Очнулся я уже в палате, когда меня выгружали с каталки – озноб бил совсем свирепо, боль в животе выжимала мне мозг. Я попросил, чтоб накрыли вторым одеялом. А мартышонок совсем не исчез – я научился уже ощущать, что он поблизости, даже не видя.

И я еще у него научился – осознавать эту мягкую жидкость в других и ценить только ее, через нее быть единым со всеми, жить вместе с ними их жизнью. Ну и спасибо за это ему, но и меня подоил он неплохо – и через множество лет полнота чувств не до конца возвратилась – тупо все и схематично. И лишь недавно я вспомнил его и глаза (они всем верят), и мы смотрели друг в друга, и ко мне что-то вернулось.

Когда проснулся, был день, все болело, дрожь хоть прошла, но все равно было зябко, сил ни на что не осталось. Когда с трудом повернулся на бок, то увидел – рядом лежит худой «синенький» парень. – Ты с операции тоже? – Да, нас там резали вместе. Вот, мандарины мне мать принесла – бери, пожалуйста, сколько захочешь. – Приподнял голову – глянул, странный оранжевый цвет от шершавых шаров на его тумбочке рядом, как молотком, стукнул зрение. – Позже, спасибо. – Я вновь отключился. Снова открыл глаза уже под вечер – нянечка меня трясла. – На-ка вот выпей таблетки. – А где тот парень с соседней кровати? – Перевели его… – И она вдруг отвернулась. – Ешь, вот его мандарины остались. – Положив их на мою тумбочку рядом, не обернувшись, она вдруг ушла, а я опять провалился.

…Как-то, возможно назавтра или в какие-то еще лежачие дни, я вдруг услышал смешной разговор – на койке парня теперь был мужчина – поверх меня он рассказывал дядьке. – …Идем мы раз по Клочковской, он и говорит – «Смотри, Валера Леонтьев! Ну а давай дадим ему…» – Ну мы и дали. Он где-то здесь потом тоже, возможно, лежал, может быть, в этой палате.

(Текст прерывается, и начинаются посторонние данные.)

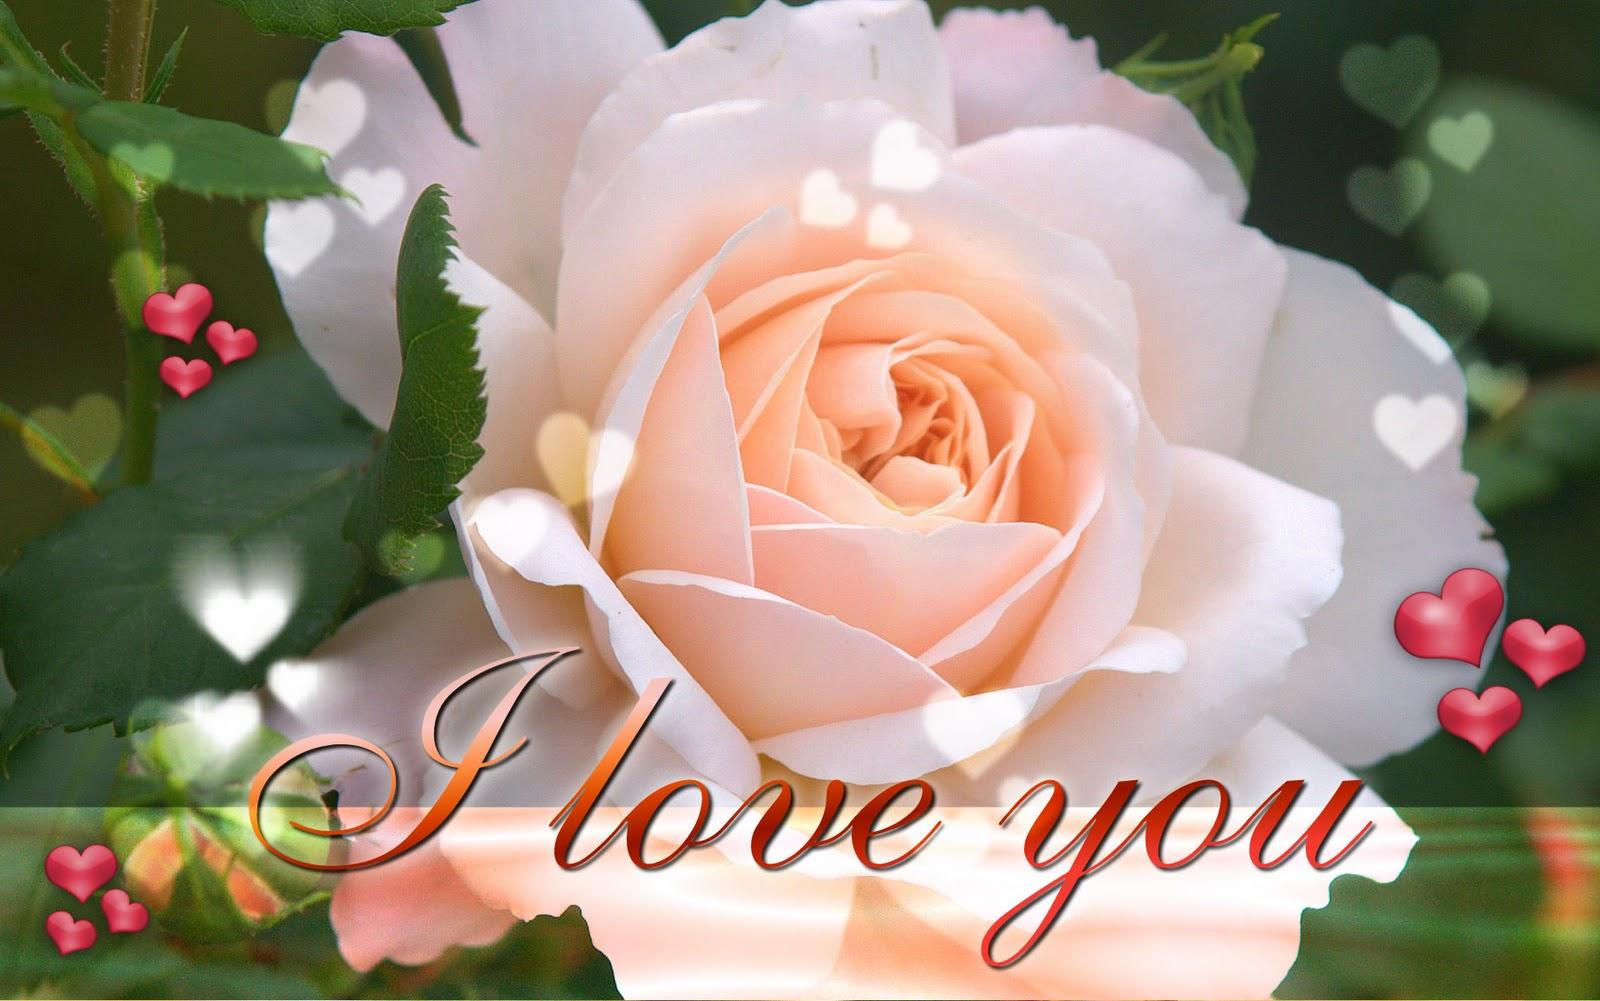 http://3.bp.blogspot.com/--CB3NrWVO9I/TttWXi6yUSI/AAAAAAAABOM/-uzUnSi0L7k/s1600/i-love-you-ecard-wallpaper.jpg

…А как-то ночью проснулся от громкого голоса, кто-то ходил, говорил. – Ну, вот же, вот – мой КамАЗ, под окном, я его двигатель знаю! Надо идти, он – за мною. – Глаза обвыклись с густой темнотой, и я почти различал, как кто-то мечется из угла в угол – пойдет к окну, долго машет руками – лишь силуэт черноты на чуть сереющем фоне. – Что с ним? – спросил я у дядьки, спать он не мог, очевидно. – Белочка после наркоза, бывает. – На койке не шелохнулись.


Время шло в трех скоростях (как будто в разных пространствах): по меркам этой палаты все тихо тянулось, по меркам жизни то было мгновение… По меркам тех мягких глыб, что вращались в душе, как жернова, растирая сознанье и убивая все чувства – время стояло, и сколько жизней уйдет, чтоб закончился этот процесс, и вообще – ну а буду ли жить, было не ясно тогда, как теперь – как будто вход в саму вечность, времени нет, есть падение. Что я сейчас, а что в тамбуре – неразличимо. Дорога, впрямь, стала «дальней». Боль от тех брошенных ею нечаянных слов не поддается наркозу – я все попробовал, не поддается. И что уж тот мартышонок – фигнюшка. Внутри по-прежнему корчит. Только душа научилась сжиматься, когда встречается с чем-то подобным, лишь с подозрением на это – почти уходит контроль над собой – «ничего мне здесь не нужно, только не это, не надо».